Planets similar to Jupiter in mass and radius and with orbital periods shorter than 10 days – so called hot Jupiters – constitute a relatively small group of planetary systems. An interesting aspect of such planets is that they are usually not observed in compact planetary systems and other nearby planets do not accompany them. The question of the occurrence rate of such planetary configurations is challenging for theories of formation and evolution of planetary systems, and remains open.

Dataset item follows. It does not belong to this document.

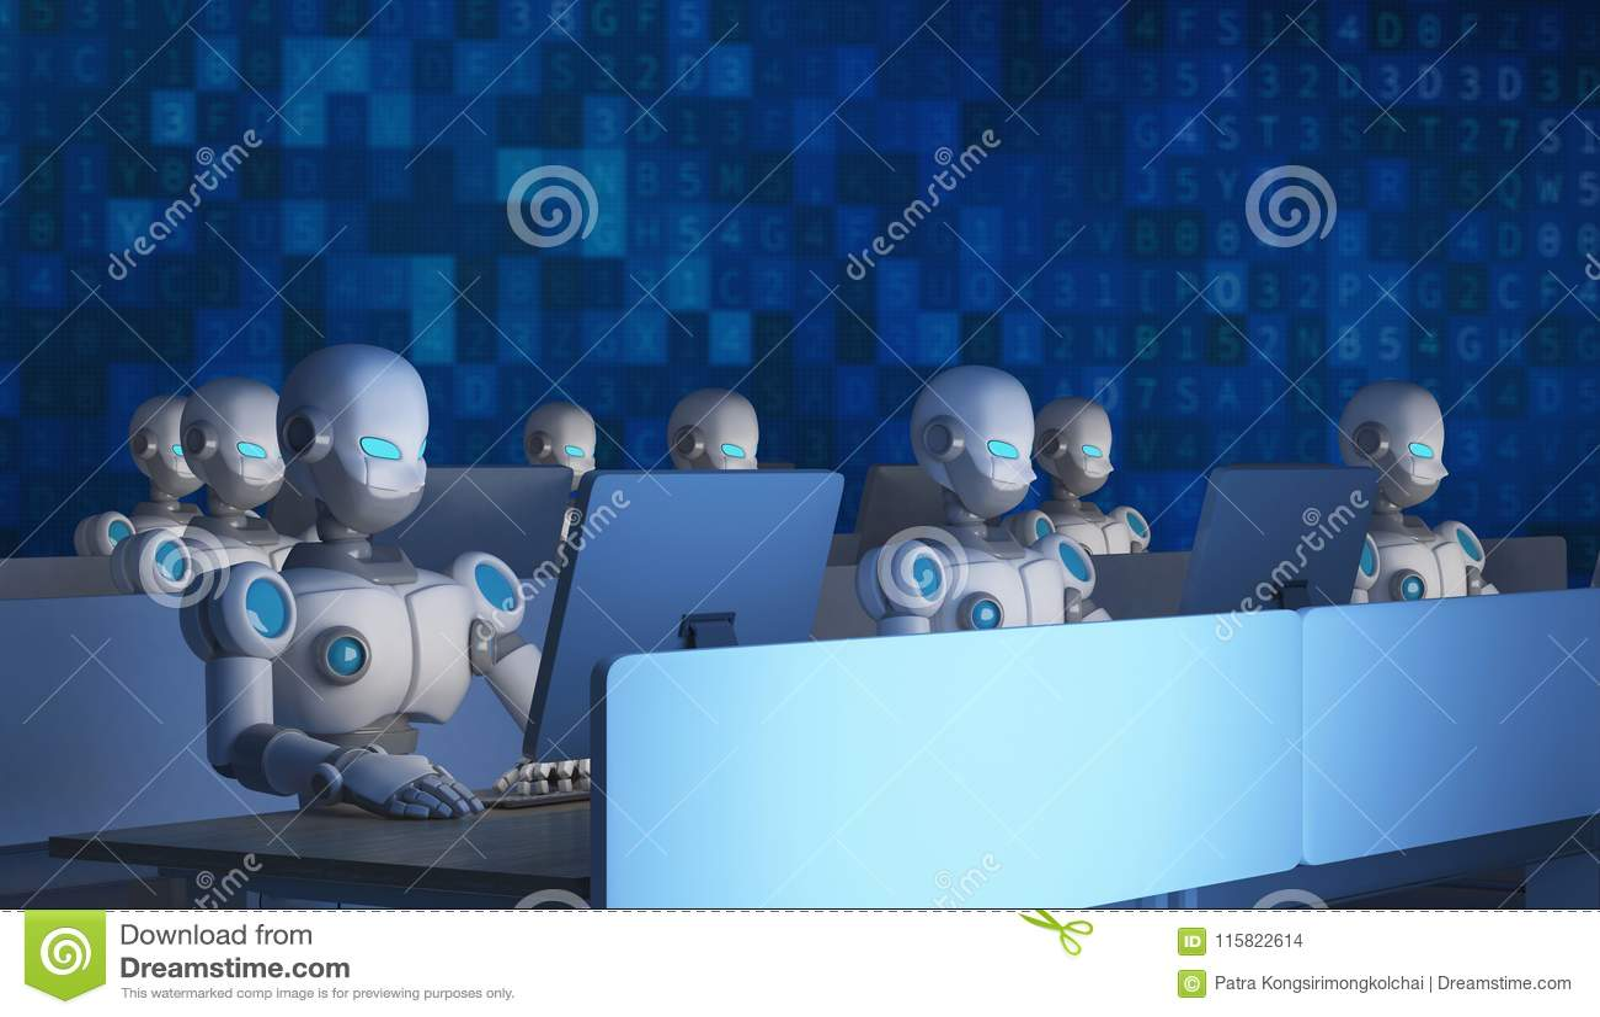 Groep robots die computers met gegevenscode met behulp van kunstmatig

Statistical studies of extrasolar planetary systems show that planets similar to Jupiter in terms of mass and radius and with orbital periods shorter than 10 days – so called hot Jupiters – constitute a relatively small group of planetary systems. An interesting aspect of hot Jupiter-class planets is their apparent lack of additional, nearby planetary companions. These Jupiters are “lonely” in the sense that searches in the Kepler photometry and using transit timing variations do not find any other nearby planets in those systems. This is in a stark contrast to smaller, lower-mass planets that are very often found in multi-planet systems, and sometimes in mean-motion resonances. In this context, hot Jupiters with nearby planetary companions, like WASP-47 b – a member of the compact planetary system, are unprecedented outliers, challenging for theories of formation and evolution of planetary systems.
There are hot Jupiters on non-circular orbits, the existence of which could indicate that the orbit has not circularized so far or the orbital eccentricity is pumped up by gravitational interactions with unseen planetary companions. Calculations show that the circularization timescale is much shorter than the system age in most such cases. The efficiency of the circularization process depends on the tidal dissipation constant, which is in general poorly constrained for exoplanets. Dynamical models show that even very small (Earth-mass or less) companions in certain orbits can provide significant eccentricity excitation.
We use the transit timing technique to identify hot Jupiters, which could be perturbed by planetary companions. For planets for which such a signal is detected, we conduct high-precision photometric and spectroscopic observations to get to know the system architecture better. If perturbative origin of eccentric orbits can be eliminated, then the tidal dissipation constant could be constrained tighter. This, in turn, could help construct more precise models of the planetary internal structure. We also search for any sign of long-timescale changes in orbital periods that could be caused by orbital decay or apsidal precession. As a by-product of the project, we refine physical parameters of investigated planetary systems.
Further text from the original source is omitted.